Things used to be built to last. By the end of 2018, legislatures in 18 states were considering laws granting the right to repair your electronics.
Things used to be built to last. By the end of 2018, legislatures in 18 states were considering laws granting the right to repair your electronics.

Do you deserve the right to repair your electronics?

Remember the good ol’ days of shade-tree mechanics, denim patches, and Emmett’s Fix-It Shop on “Mayberry R.F.D.”?

The growing complexity and fragility of high-tech consumer products like smartphones, tablets, video game consoles, microwave ovens, tractors, etc. has threatened such a thrifty lifestyle. But some activists claim that even more damage has been done by the high-pressure tactics of the “either ship it to us for repair or just toss it in the landfill and buy a new one” manufacturers of those items.

These companies are not above issuing cease-and-desist orders when an intrepid tinkerer reverse-engineers a product and posts repair tips online or even remotely shutting down a product that contains unauthorized replacement parts.

It’s a wonder that even more companies haven’t jumped aboard the greed train.
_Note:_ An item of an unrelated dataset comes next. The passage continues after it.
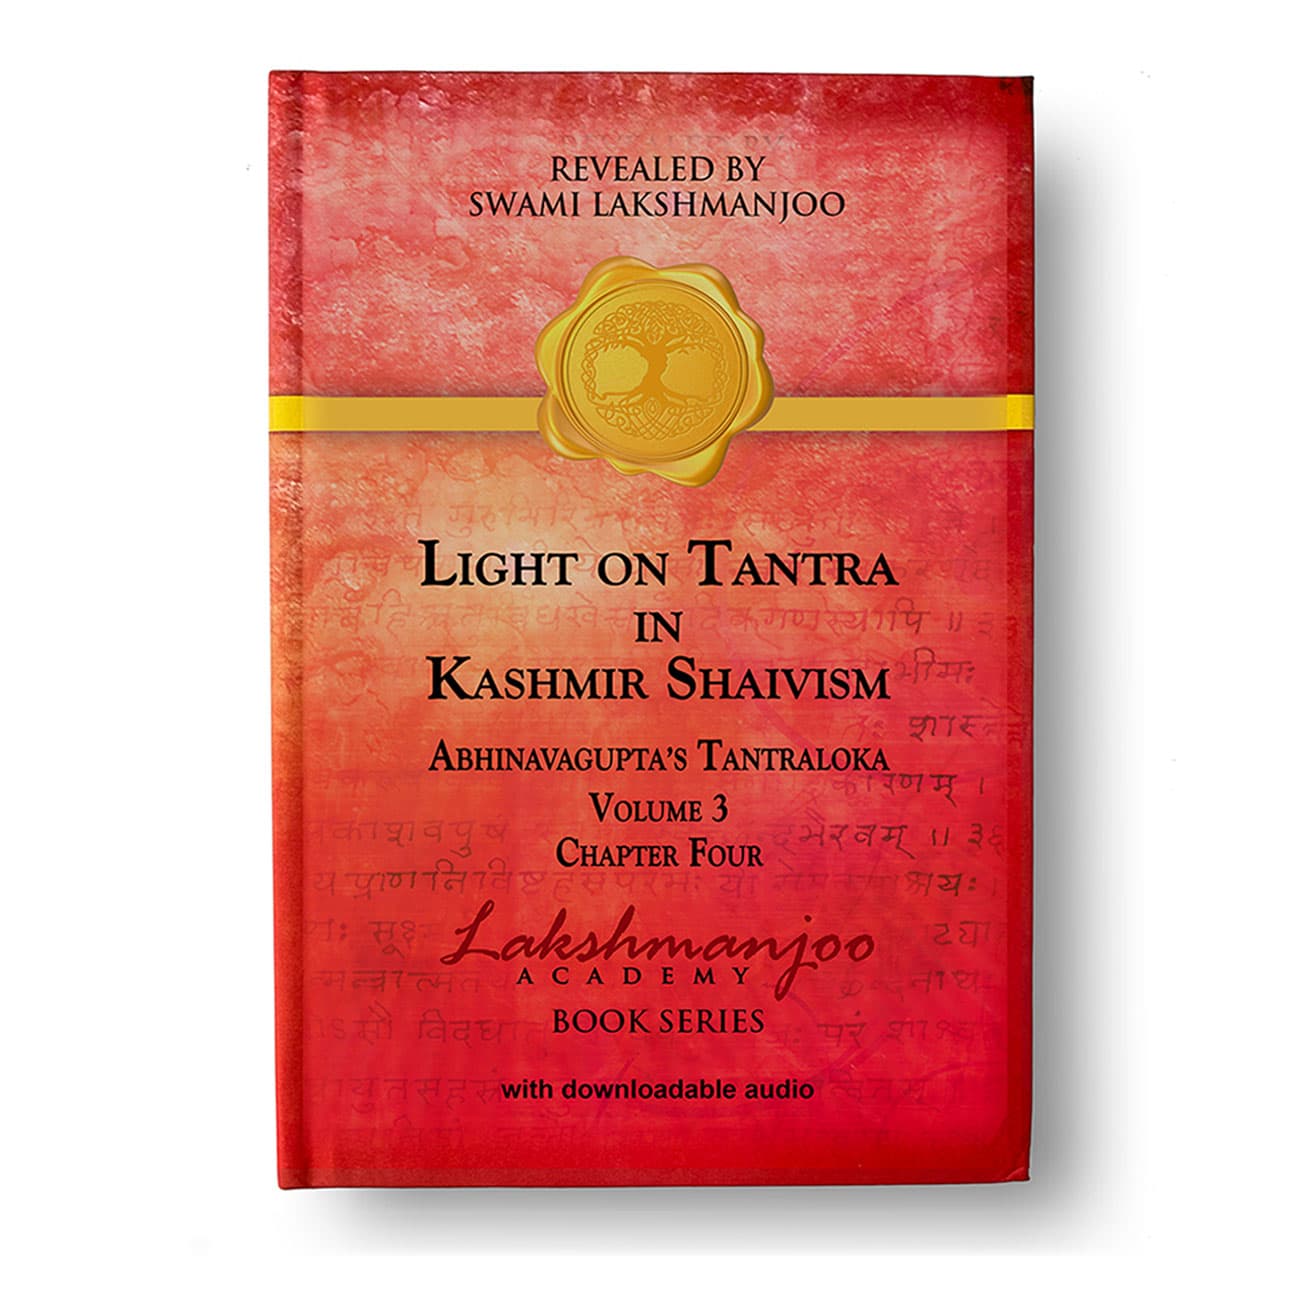 BOOK: Light on Tantra of Kashmir Shaivism, Abhinavagupta's Tantraloka Volume 3, Chapter Four

I could just see the Ketchup Police kicking the front door open and catching penny-pinching miscreants with a nearly empty ketchup bottle turned upside down. “Yeah, I’m a Ketchup Policeman. My parents met when mom was rounding up hooligans who put aluminum foil on their rabbit-ear antennas and dad was cuffing scofflaws who used pliers to change channels.”

Six years ago, a group of concerned consumers, recyclers, refurbishers, environmentalists, digital-rights advocates, and repair specialists joined forces to found Repair.org, a group working to ensure that when something breaks, consumers can readily find the information and parts they need to repair it, or else have it fixed by a repairman of their choice.

Things used to be built to last. After Granny Tyree’s wringer washer gave up the ghost, the tub served for years as a livestock feed storage container. Now it seems we’re trapped in a community theater production of “Annie Get Your Gun.” “Anything you can build, I can build crappier. I can build anything crappier than you.”

It gets really embarrassing when a reporter doing a story about a local citizen’s restored ’57 Chevy has to haul out his 14th digital camera to document the accomplishment.

I understand how corporations can get all clingy about their “proprietary information.” I mean, I do affix a copyright notice to these columns. But I am resigned to the fact that editors can completely change my headlines, force my freewheeling punctuation to adhere more to the “Associated Press Style Book,” and truncate my contact information. Readers are entitled to take my words out of context, cross out paragraphs they disagree with, or line the birdcage with my prose.

And my 401(k) account probably has stock in such companies, but even a capitalist can implore fat cats to rein it in a little. Give enough ammo to the socialists and Uncle Sam will nationalize Hewlett-Packard, guaranteeing unlimited ink cartridges for printers that don’t want to work.

I know manufacturers fear lawsuits if amateurs fiddle with repairs and make matters worse, but probably the computer with the judge’s ruling would crash and lose it, anyway. Never send a five-year-old to do a six-year-old’s assembly job!

By the end of 2018, legislatures in 18 states were considering “right to repair” laws. But an even bigger impact could come from divine intervention.

Imagine if God visited a few ailing executives and held them to their own standards. “Knee replacement? I don’t recall authorizing a knee replacement. And were you born with stents? How about I unleash a plague of genuine, brand-name locusts on your market valuation?”

The viewpoints expressed above are those of the author and do not necessarily reflect those of The Independent.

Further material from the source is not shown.